Advanced Micro Devices (NASDAQ:AMD) finally popped higher and blew through resistance. AMD stock finally gave bulls what they were looking for: A mega-sized breakout.
Shares are up 52% in 12 trading sessions. I’m not saying that AMD won’t continue its run. After all, the technicals and fundamentals are aligned and shares consolidated for multiple months.
That said, I do think investors will have a better opportunity to buy AMD than paying up at $87. Admittedly, that means it could run to $100 before pulling back first. But sometime in the next six months, investors should get another shot at this one.
So what caused this massive move anyway?
Fundamental Stars Start to Align
Multiple catalysts ignited this stock higher. Interestingly enough, its own earnings report was only gas on the fire. The initial spark was a technical breakout over resistance on July 22.
However, two days later the fundamentals aligned with the breakout. This time, it was Intel’s (NASDAQ:INTC) earnings report. Long story short, the company is conceding market share to AMD, as its 7nm chips face a huge delay. Like, the not being released until 2022 kind of delay.
This allowed AMD to kick the door in and the stock responded in kind, rallying 16.5% in a single session. A few days later, it’s own top- and bottom-line earnings beat propelled shares higher again, up 12.5%.
All of this is to say that investors who look for solid technical setups and fundamental opportunities can see big payouts when timed correctly. Admittedly, the stock has run pretty far in the last few sessions, but the fundamentals support the cause.
Many growth stocks have made huge runs despite the novel coronavirus wreaking havoc on the economy. Dismayed investors are arguing that these stocks are overvalued and can’t possibly justify these valuations. While I agree that the overall market has likely run too far, too fast, and will face a healthy correction at some point, we have to recognize the scarcity value of growth stocks.
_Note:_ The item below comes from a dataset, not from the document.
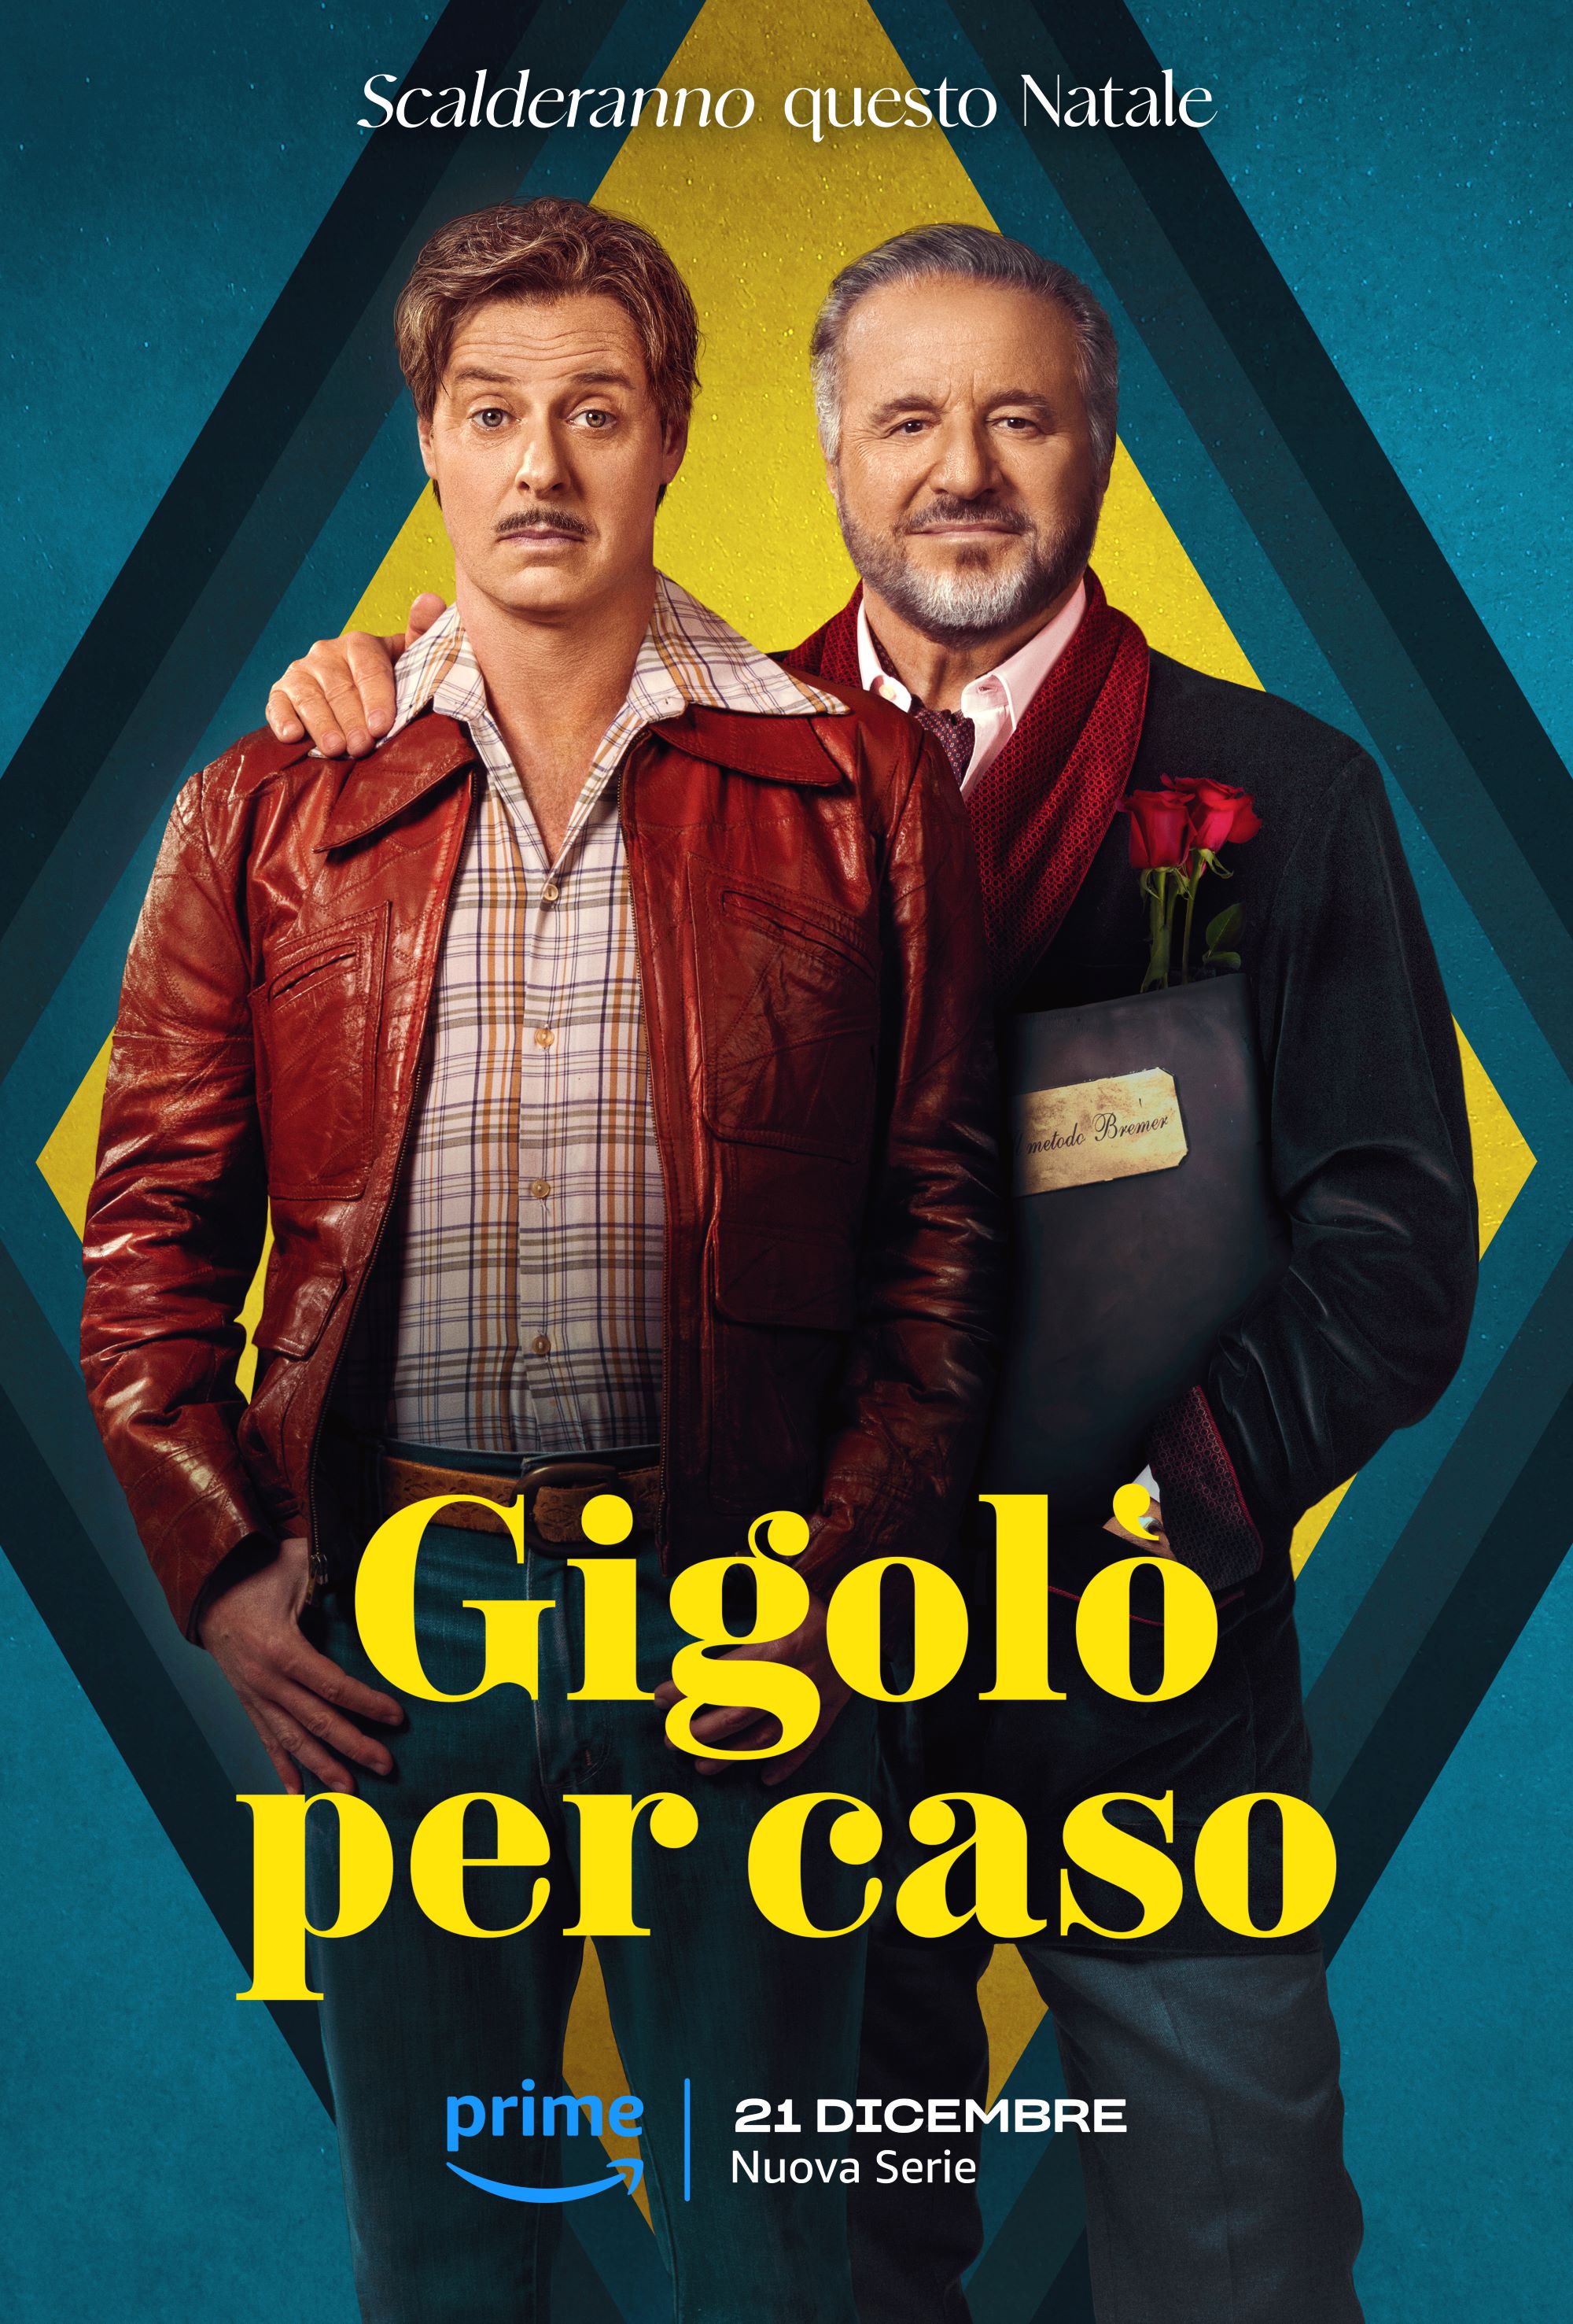 TV ratings for Gigolò Per Caso in the United Kingdom. Amazon Prime Video TV series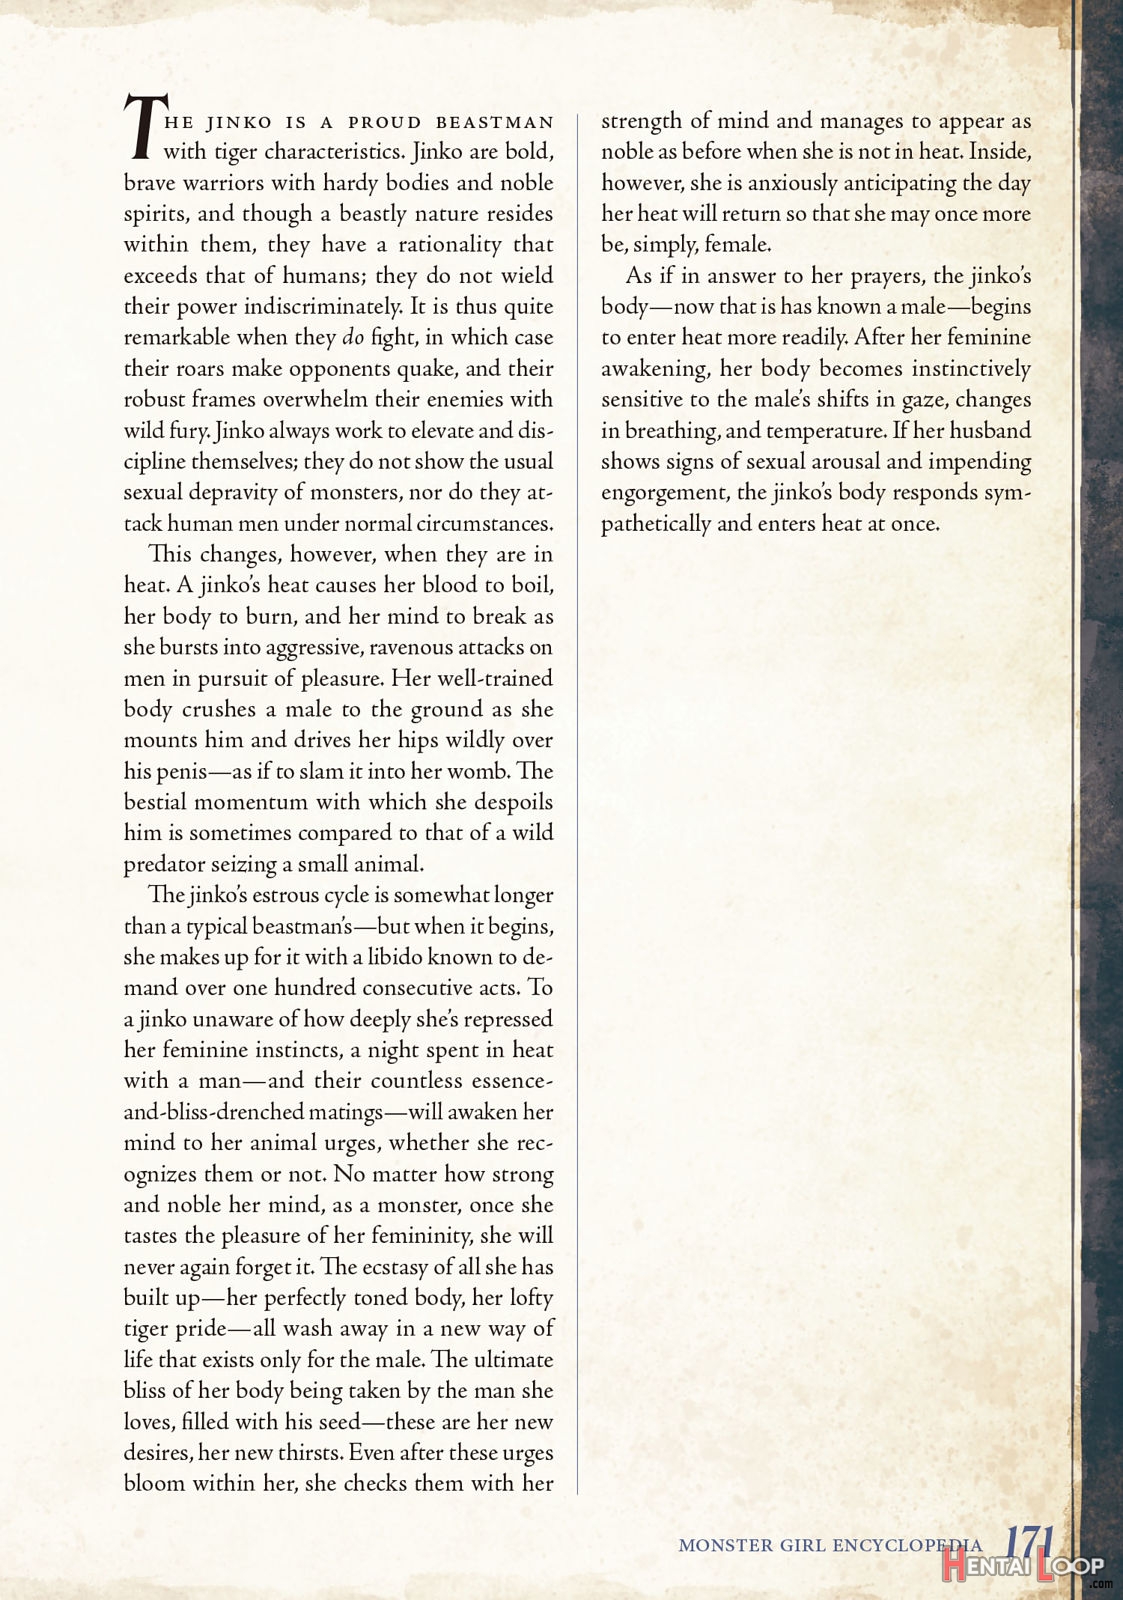 Monster Girl Encyclopedia Vol. 2 page 172

That is, with fewer companies churning out growth in this tough environment, those that are now command a higher valuation because growth investors have fewer stocks to pile into.
Consensus estimates call for 32.5% revenue growth this year and 22.5% growth next year. Earnings are forecast to grow 70% and 50% in 2020 and 2021, respectively. The balance sheet is improving. So are cash flows.
Put simply, it’s hard to find this type of growth and improving financial situation, and investors are willing to pay up for it.
Trading AMD Stock
On July 10, I wrote, “3 Reasons AMD Stock Is a Buy Right Now.” In it, I covered the potential breakout over $58 and how it could send shares to ~$65. Of course, at the time, $87 was a pretty far ways off.
However, on the first day of the breakout, I flagged upside levels of ~$68 and ~$73. Trust me, I’ve had enough humble pie to know not to brag. Instead, I’m trying to underscore that the technicals can tell a big part of the story.
What are they saying now?
The recent strength has been emphasized both by the relentless rise in the stock price and the volume AMD has had on those upside days. The pattern consists of rally, consolidate, rally.
If AMD stock closes above $90, statistically speaking, the odds increase dramatically that shares will climb to $100 within the next 50 days. To get there it will need to contend with the 261.8% extension at $95.71.
That’s the upside in a nutshell: A close above $90 puts $95.71 and $100 in play. The downside is more complicated. The tremendous rally leaves key short-term moving averages like the 10-day and 20-day quite a bit below current levels.
A correction in a mild tape (that is, not an onslaught of selling the overall market) likely makes these moving averages support in the short to intermediate term. I’d love an eventual gap fill down toward the $68 to $70 area. Maybe we fill that gap down near $62.50, in which AMD stock is likely a buy for long-term investors.